**WHAT THE EXERCISE ASKS**. Give back the data below word for word. Any image in it should be left out.

-------- INPUT DATA --------

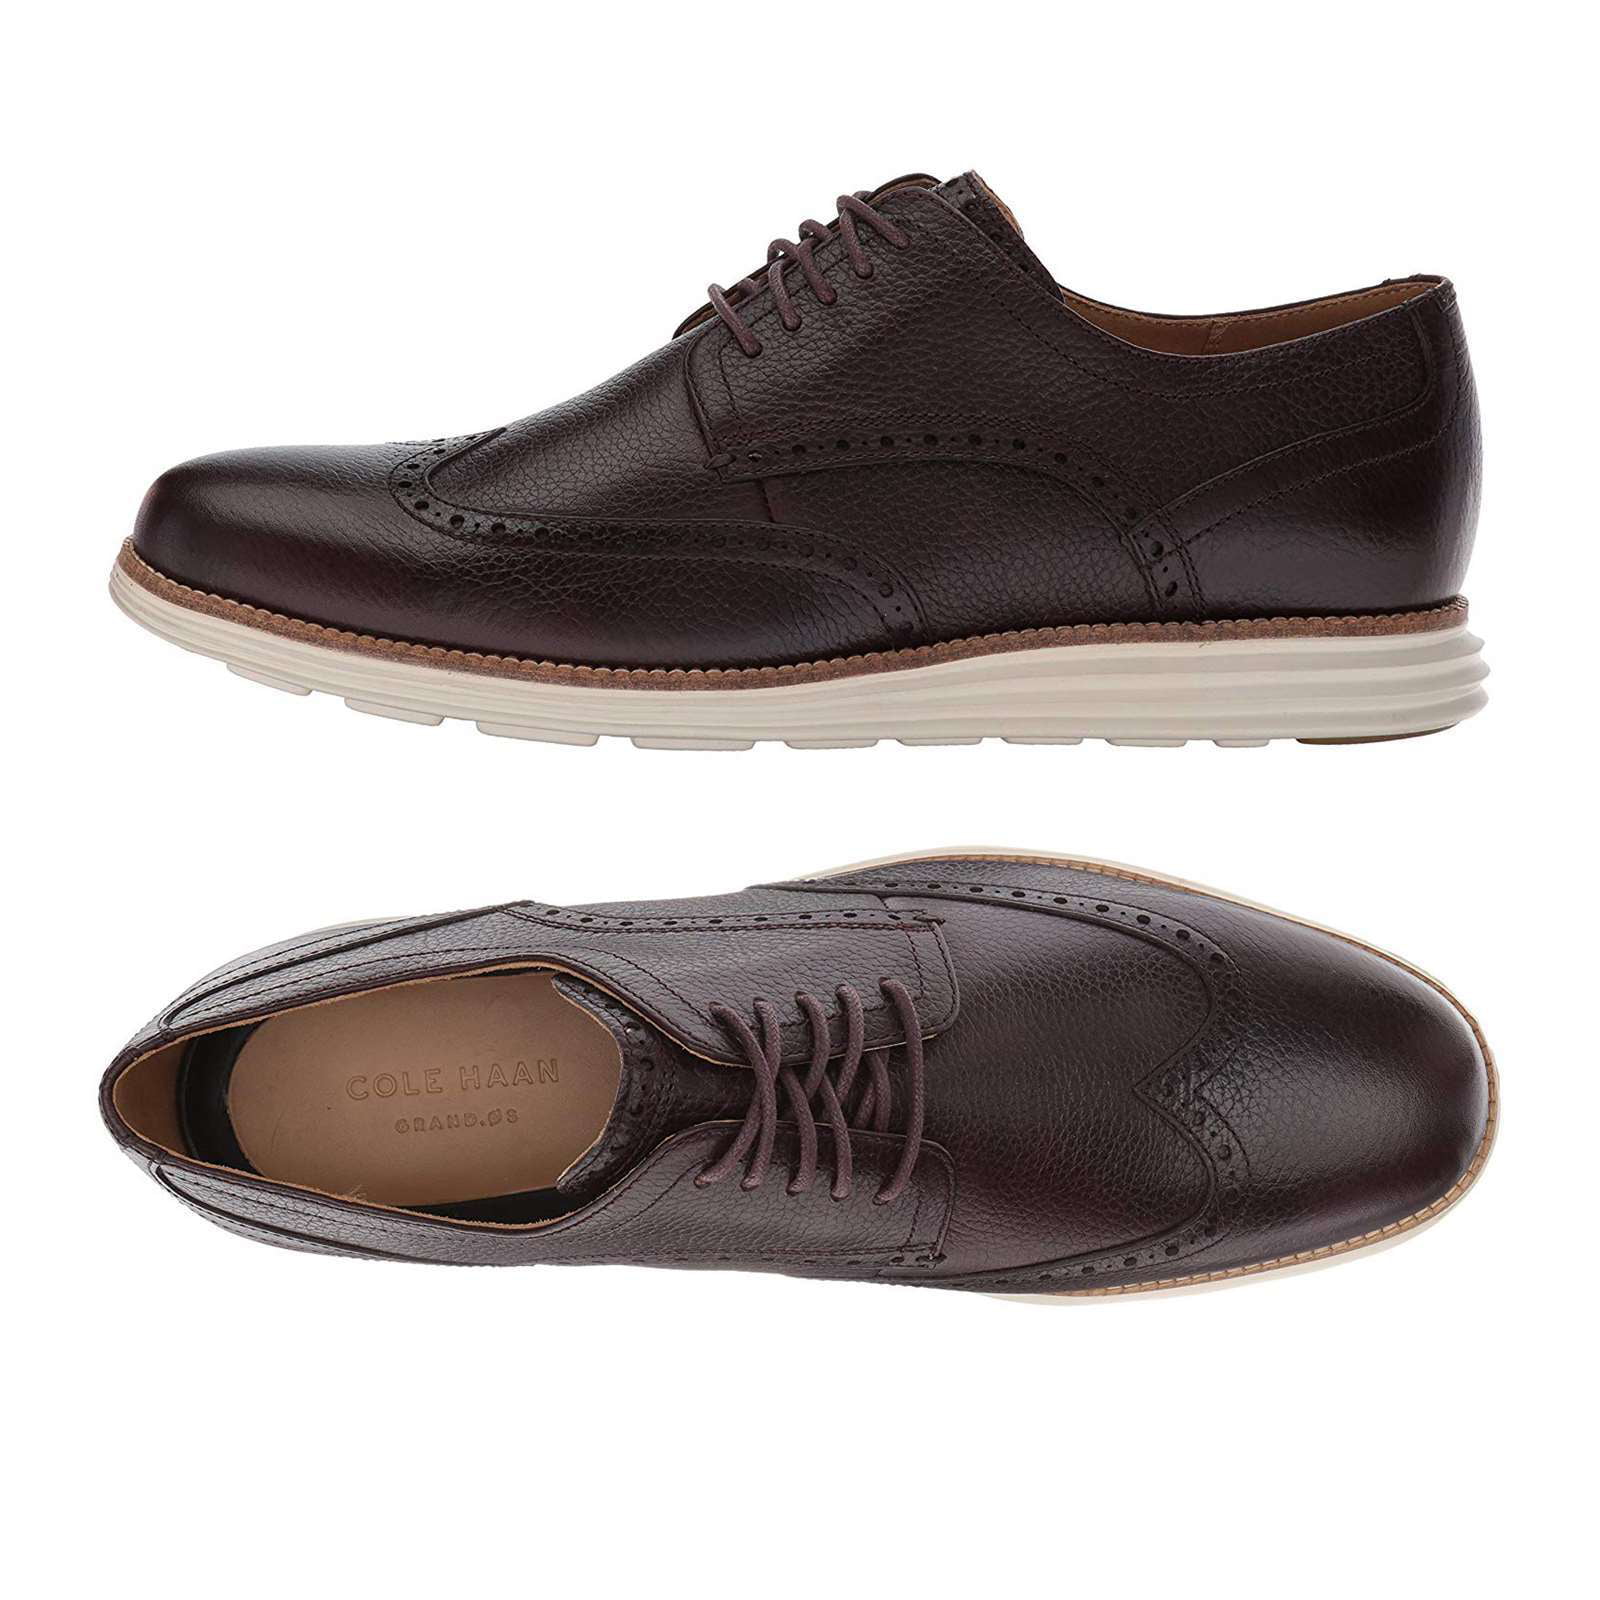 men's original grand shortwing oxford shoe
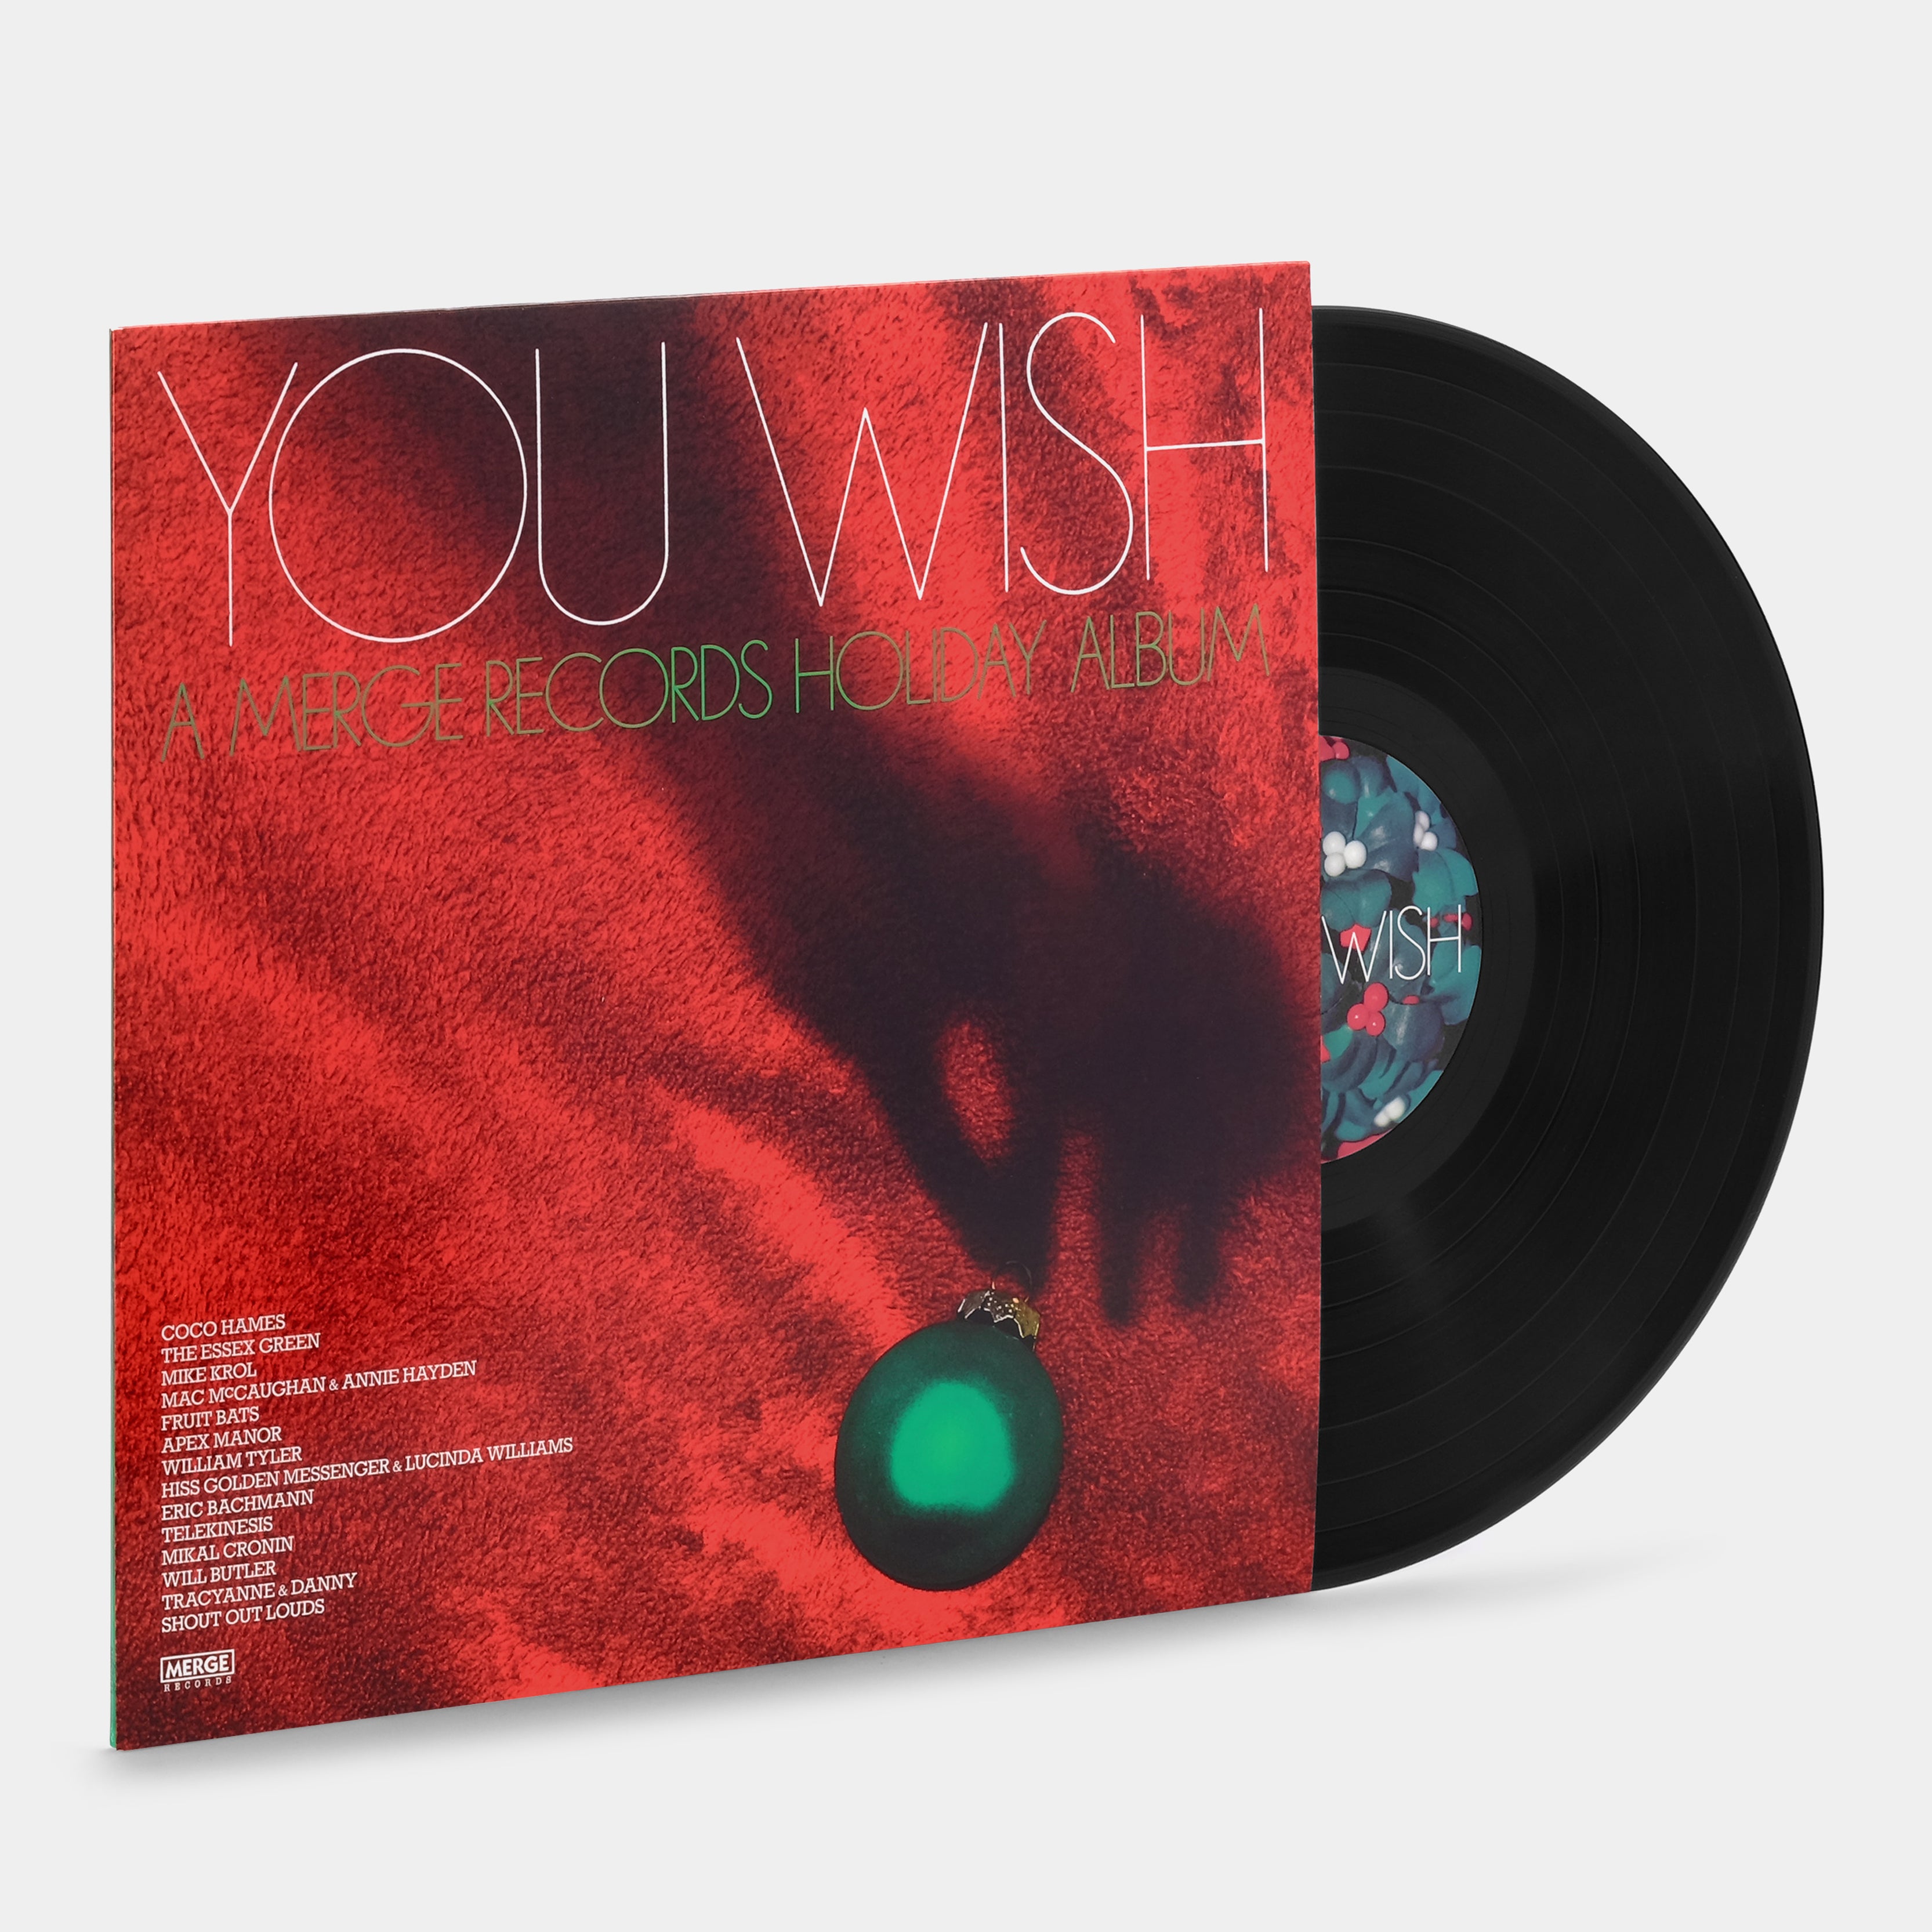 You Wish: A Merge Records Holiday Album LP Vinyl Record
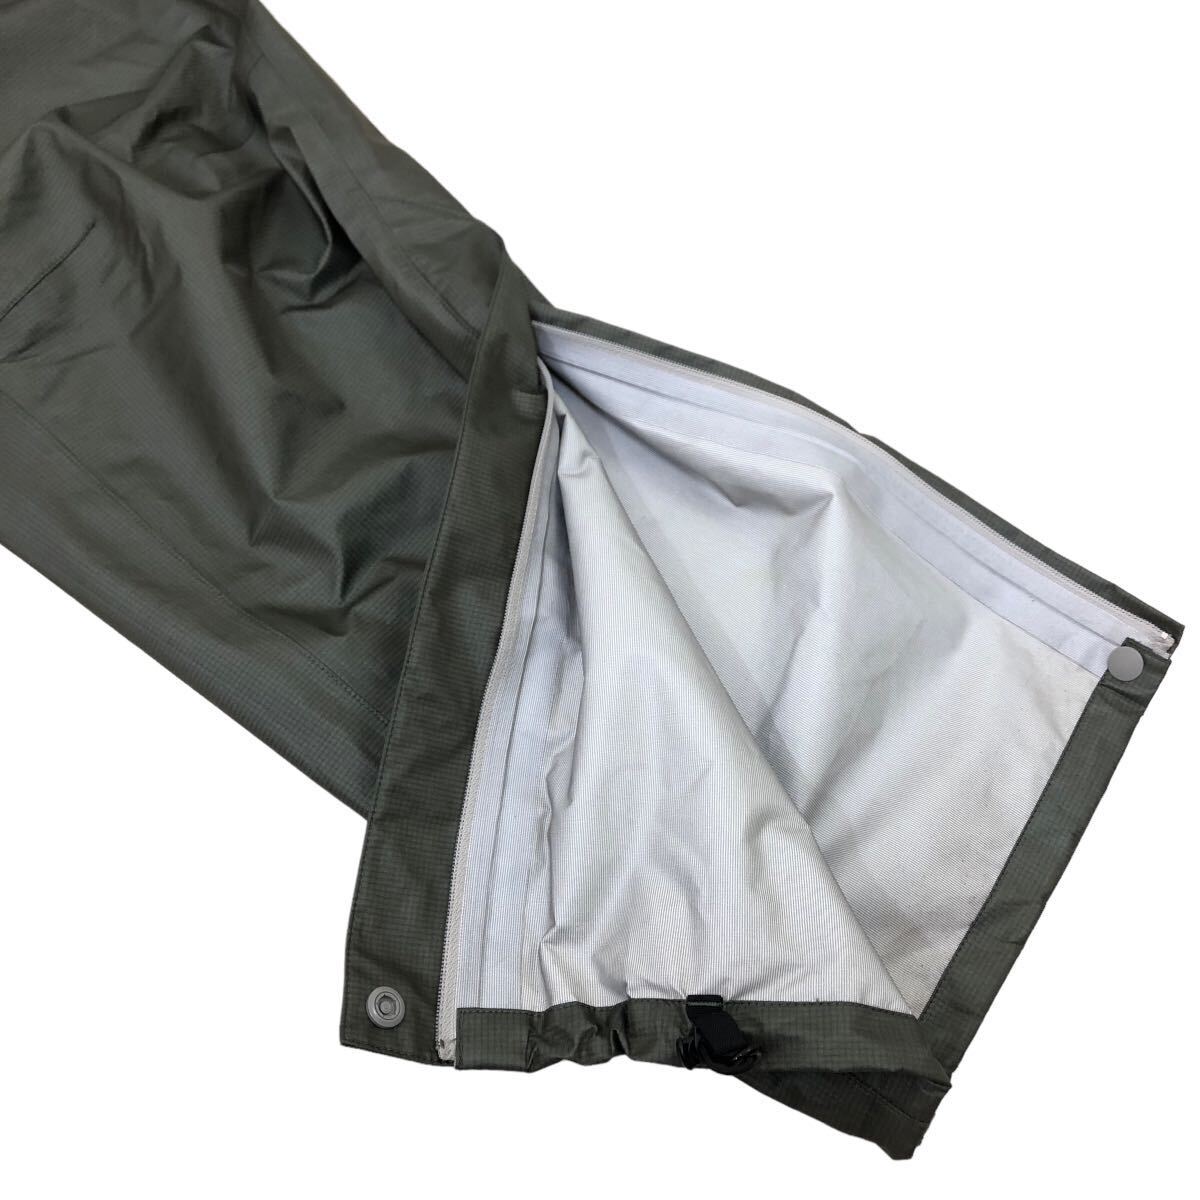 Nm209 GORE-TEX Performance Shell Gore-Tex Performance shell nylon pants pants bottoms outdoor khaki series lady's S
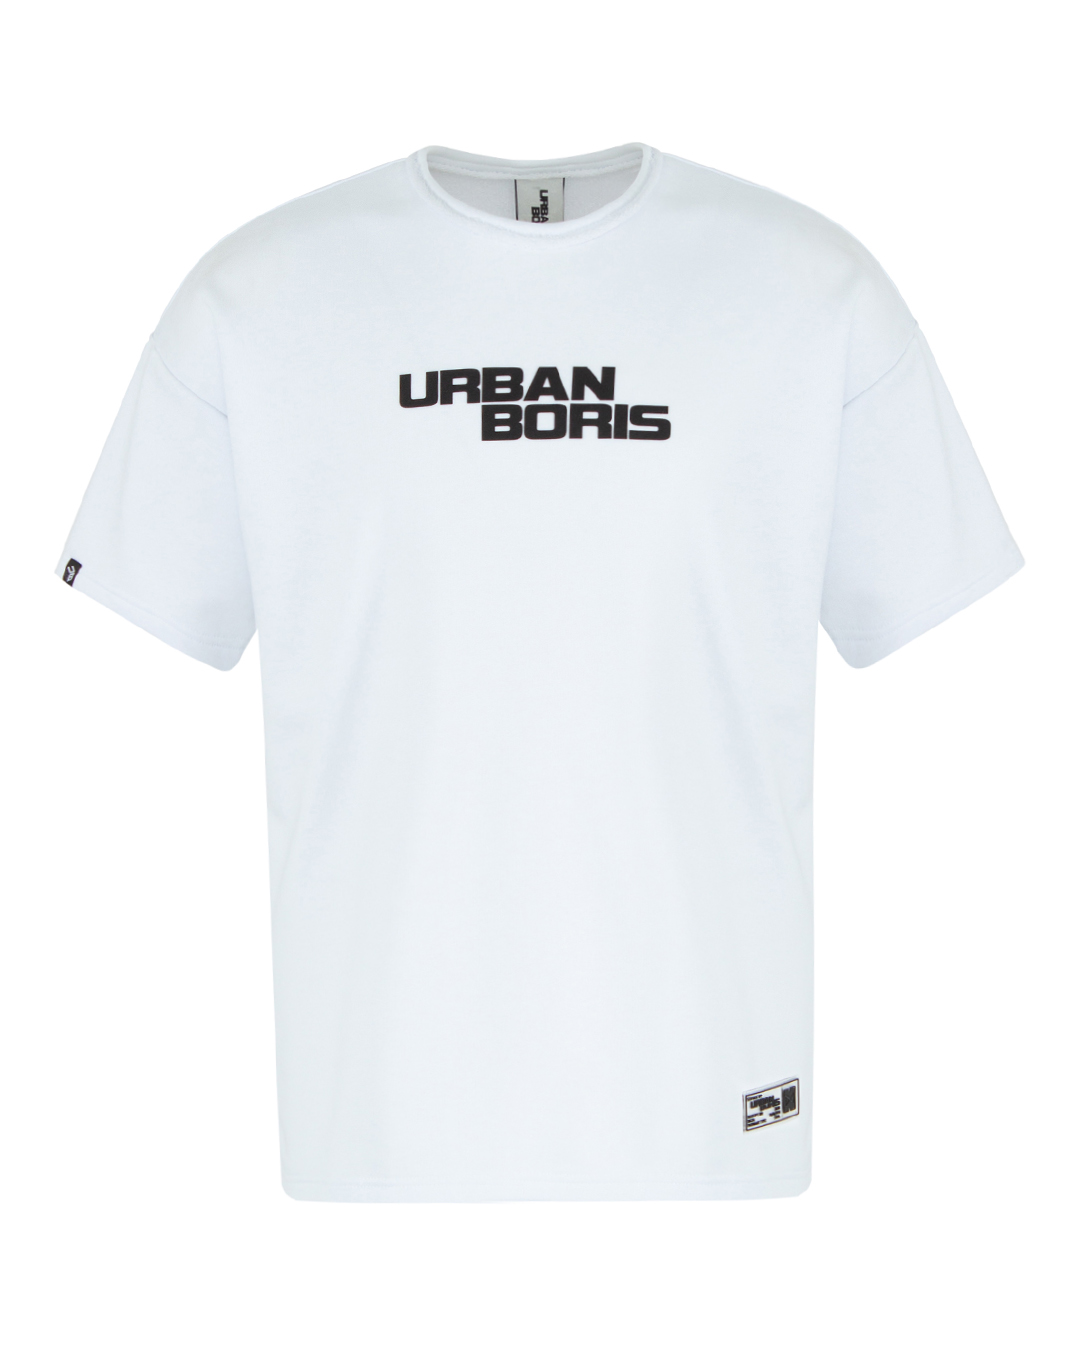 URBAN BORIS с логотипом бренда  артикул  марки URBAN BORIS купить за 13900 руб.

--------

**ANSWER AREA**.
 men's original grand shortwing oxford shoe
 You Wish: A Merge Records Holiday Album LP Vinyl Record
 Nm209 GORE-TEX Performance Shell Gore-Tex Performance shell nylon pants pants bottoms outdoor khaki series lady's S
 URBAN BORIS с логотипом бренда  артикул  марки URBAN BORIS купить за 13900 руб.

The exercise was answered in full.